7 tips for direct restoration of anterior teeth

Author of the article: Goldstein Maria Anatolyevna

Doctor-expert

Specialization: Dentist-therapist

Total work experience: since 2008

Reading time: 7-8 minutes

  • Types and stages of dental restoration
      Direct restoration
  • Indirect restoration
  • Indications for the procedure
  • Contraindications
  • If the aesthetic properties of teeth are lost, a person experiences certain discomfort. The quality of life deteriorates if uneven or unsightly teeth prevent you from smiling broadly or if the enamel is too yellow, chips and cracks lead to complexes. Modern dentistry allows us to solve these problems by offering various types and methods of restoration, which is an alternative to full prosthetics.

    What you need to know about dental restoration?

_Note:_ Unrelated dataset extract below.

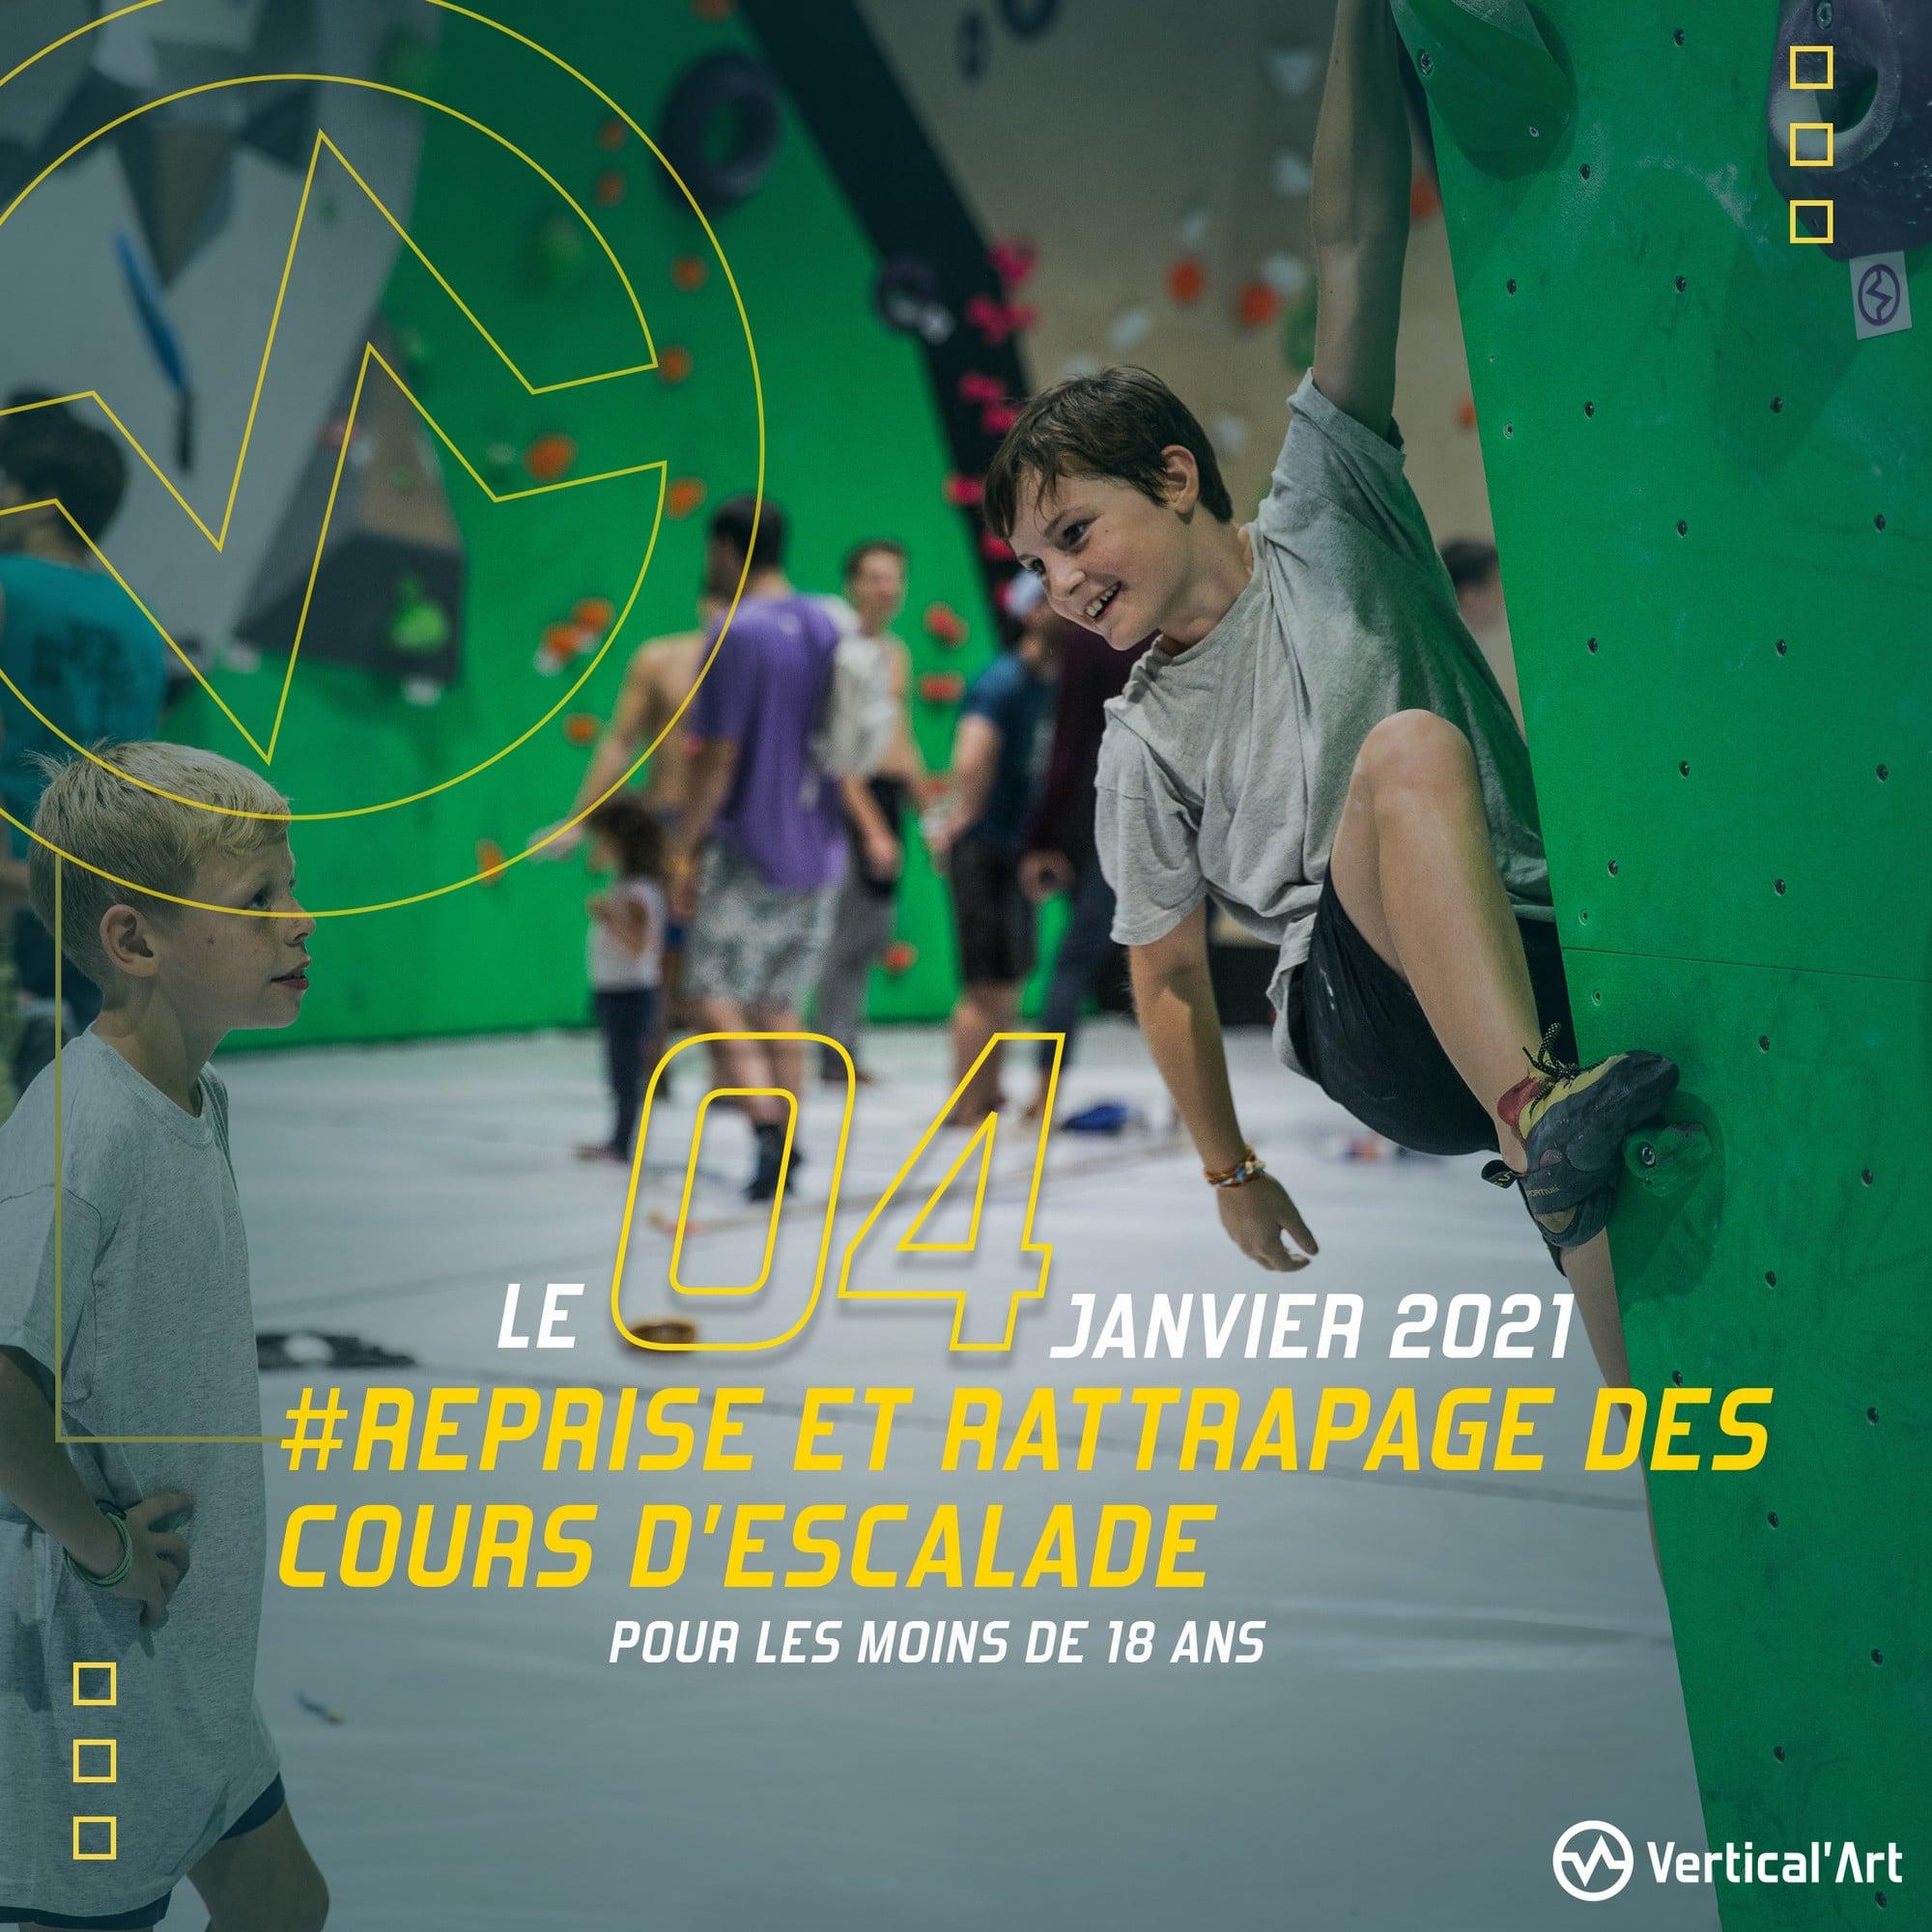 Reprise et rattrapage des cours d'escalade pour les mineurs le 4 janvier à Vertical'Art Lyon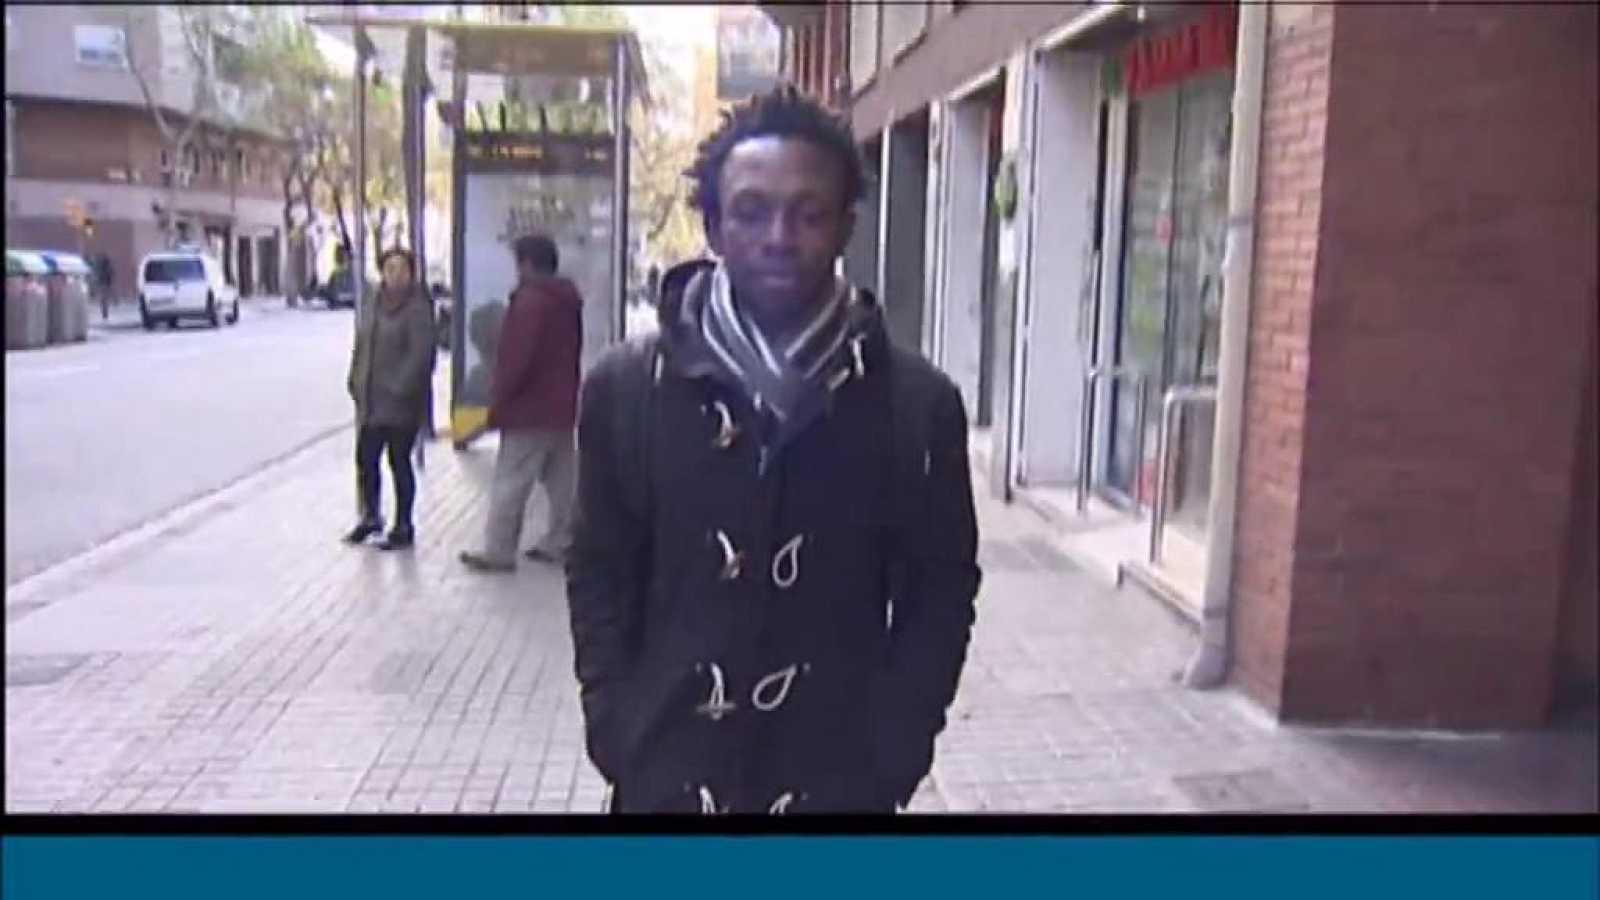 Avanç de 'Noms Propis' amb l'entrevista de l'Anna Cler a Ousman Umar

    If restoration of the anatomical shape of teeth, their aesthetic properties and almost full functionality is required, then a number of procedures will be required to achieve the desired effect. Dental restoration is a set of dental measures to restore and correct shape and color. The materials used make it possible to imitate natural fabrics as accurately as possible, guaranteeing the aesthetics of the result.

    Formally, restoration is essentially similar to filling, for example, some of the materials used and a number of stages. At the same time, it is impossible to compare the results, since aesthetic restoration manipulations guarantee a flawless smile.

    Advantages

    The advantages of artistic dental restoration are:

    • Relatively quickly obtaining the desired result
      . The restored tooth is visually no different from the rest in the row. The emphasis of the procedure is on maximum aesthetics.
    • Durability
      . The materials and work performed are guaranteed for up to 10-15 years.
    • Durability
      . As a result of restoration, the functionality of the tooth is restored - it is as strong as the rest. After the procedure, there is no need to make adjustments or additionally visit the dentist.
    • Easy to care for
      . It is enough to follow the rules of basic oral hygiene and not to use abrasive pastes and hard brushes.
    • Resistance to aggressive environments
      . The materials used for restoration are highly resistant to most food dyes. They are less resistant only to the effects of tobacco smoke (during active smoking) and red wine.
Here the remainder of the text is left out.